Scientific classification
- Kingdom: Animalia
- Phylum: Chordata
- Class: Aves
- Order: Musophagiformes
- Family: Musophagidae
- Genus: Menelikornis
- Species: M. leucotis
- Binomial name: Menelikornis leucotis (Rüppell, 1835)
- Synonyms: Tauraco leucotis (Rüppell, 1835)

= White-cheeked turaco =

- Genus: Menelikornis
- Species: leucotis
- Authority: (Rüppell, 1835)
- Conservation status: LC
- Synonyms: Tauraco leucotis (Rüppell, 1835)

Species of bird

Voice of a white-cheeked turaco

The white-cheeked turaco (Menelikornis leucotis) is a species of bird in the family Musophagidae. It is found in Eritrea, Ethiopia, and South Sudan. A mid-sized species, it measures about 43 cm in length, including a tail of 19 cm, and weighs about 200–315 g.
This species is the most commonly raised turaco in captive conditions.

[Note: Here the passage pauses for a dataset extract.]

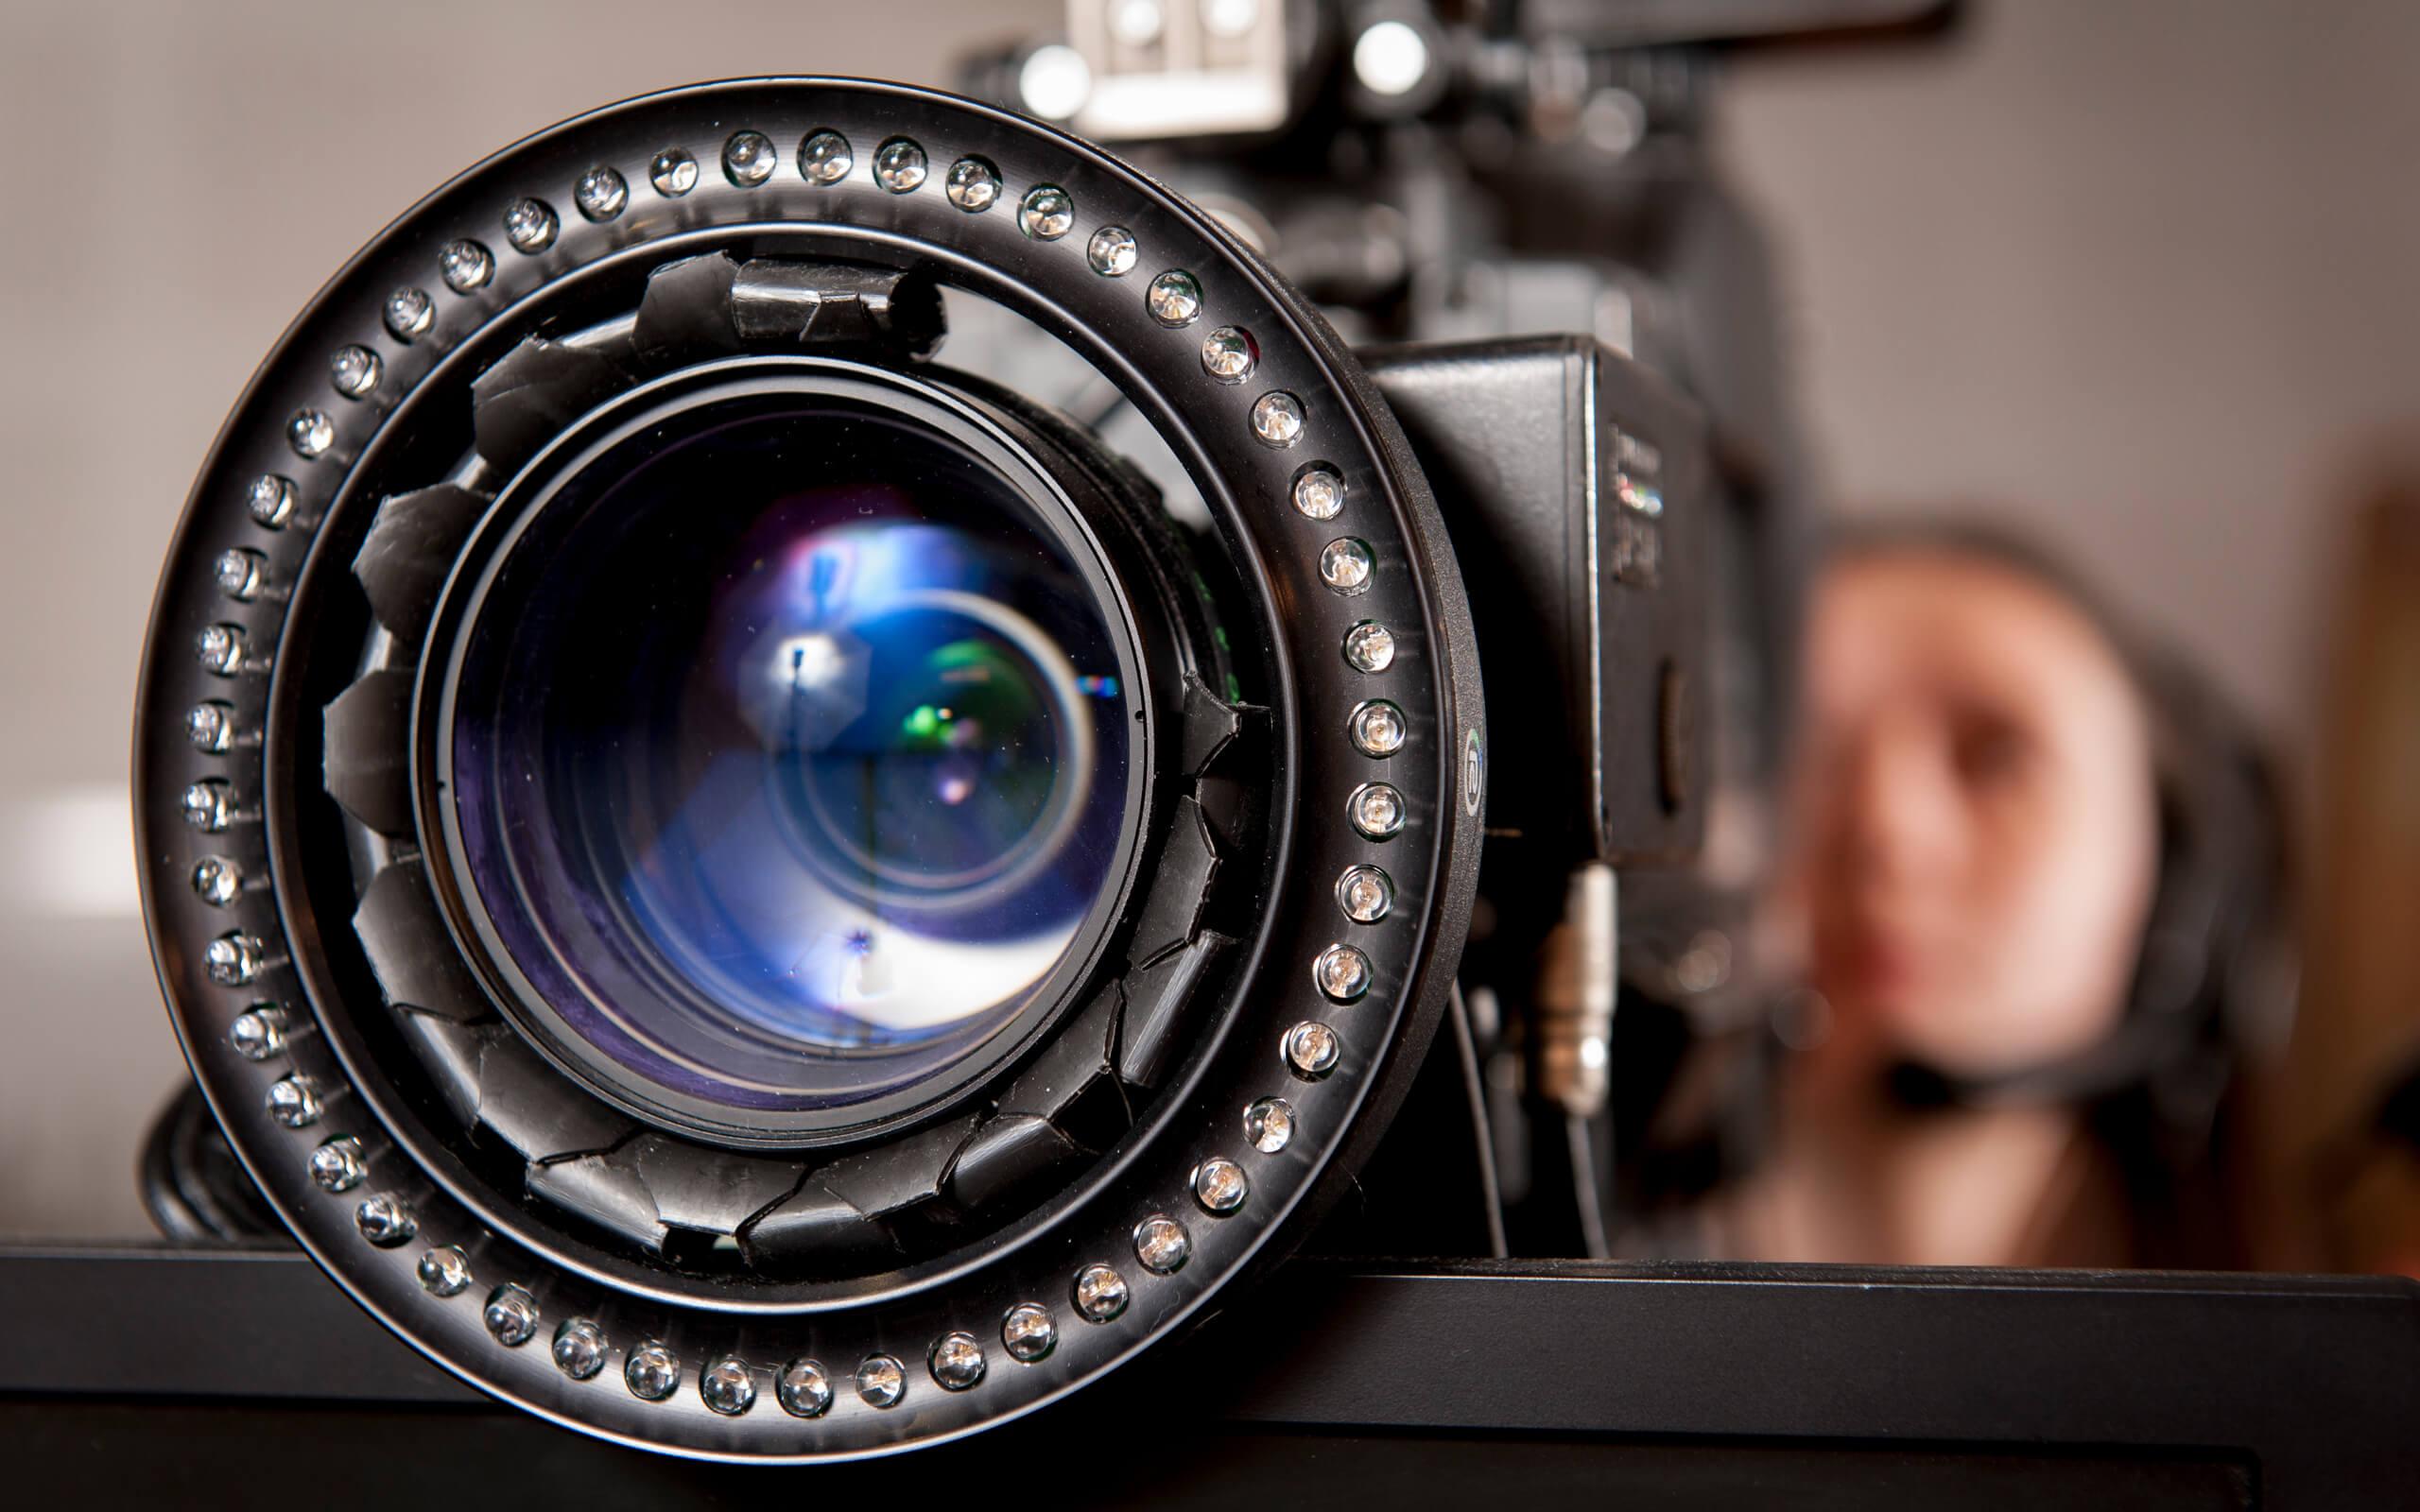 A close up shot of a camera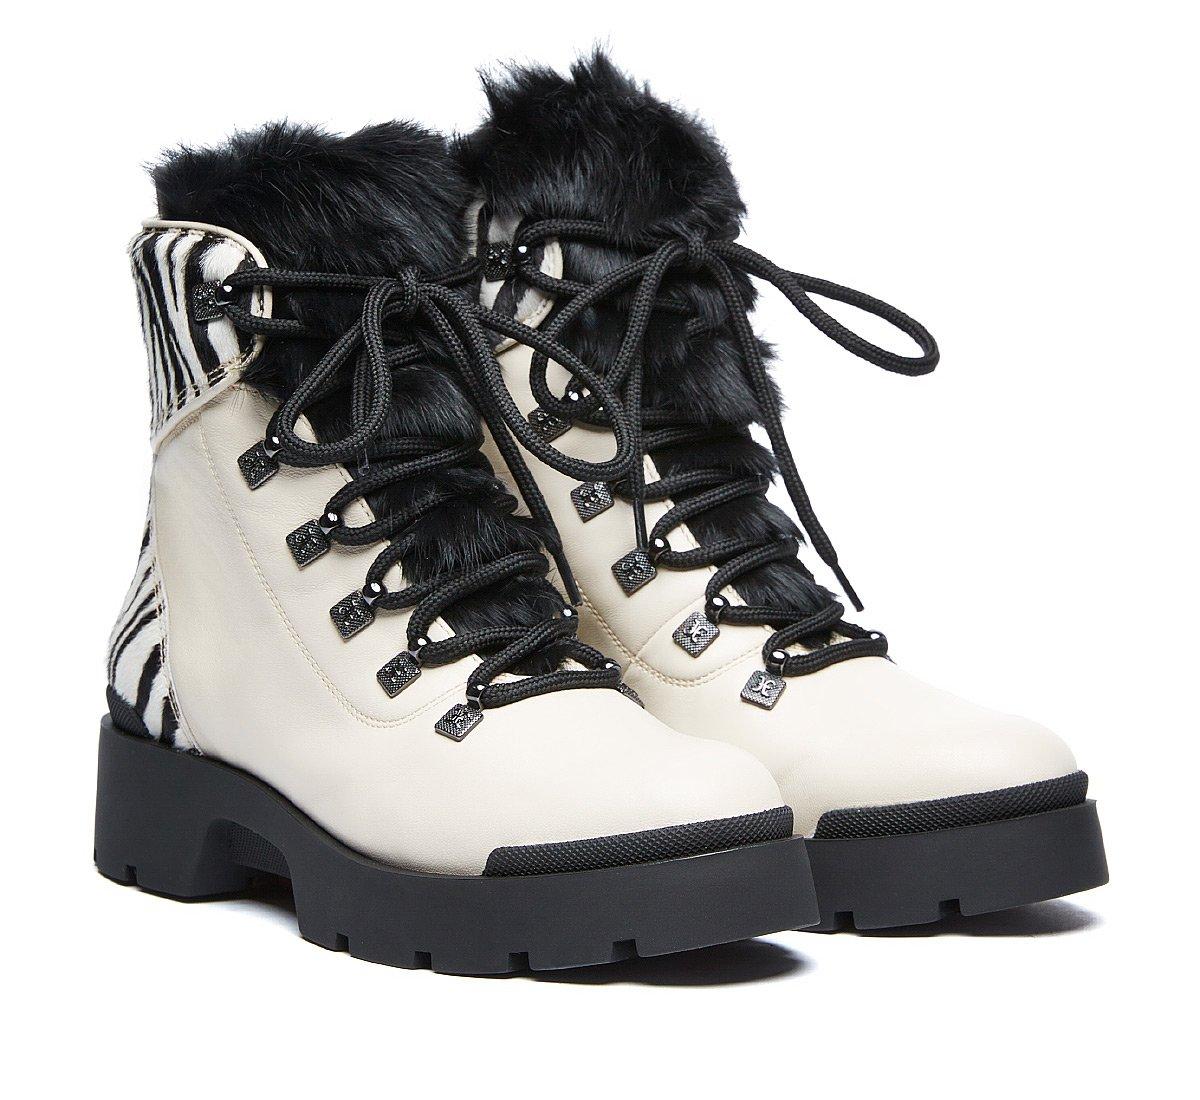 Непромокаемые ботинки Fabi из высококачественной телячьей кожи

==Distribution and habitat==
The white-cheeked turaco is native to Sudan, South Sudan, Ethiopia and Eritrea, where it is found in Podocarpus and juniper forests in the highland regions.

==Subspecies==
There are two subspecies, the nominate subspecies M. l. leucotis found in the Podocarpus forests of Eritrea, Ethiopia and southeastern South Sudan and M. l. donaldsoni found in south-central Ethiopia south of the Rift Valley and in the extreme west of Somalia. The latter is quite distinct in plumage colour—the eastern population is separated from the larger population by the escarpment.

The white-crested turaco has been shown to hybridise with the sympatric Ruspoli's turaco (Menelikornis ruspolii) that contributed more to concerns about Ruspoli's turaco that is considered endangered.

==In captivity==
In captivity a 'cinnamon' colour sport (a recessive colour mutation) first occurred spontaneously in birds bred by David Jones in Gloucestershire, England, and is now present in captive birds in other countries.

A single white-cheeked turaco has been living wild in east London (Leytonstone and South Woodford). The sighting was recorded and confirmed in October 2009. It has survived the climate and potential predators for at least seven years and appears to be living in harmony with native species. It's believed to be an escaped or released pet. Sightings in gardens have continued to delight Londoners and is locally known as 'Bob'. In 2014 another bird (or the same one who fancied a change of scenery perhaps?) was sighted in Langton Green, Kent and has caused much interest to the residents, being featured in the village magazine.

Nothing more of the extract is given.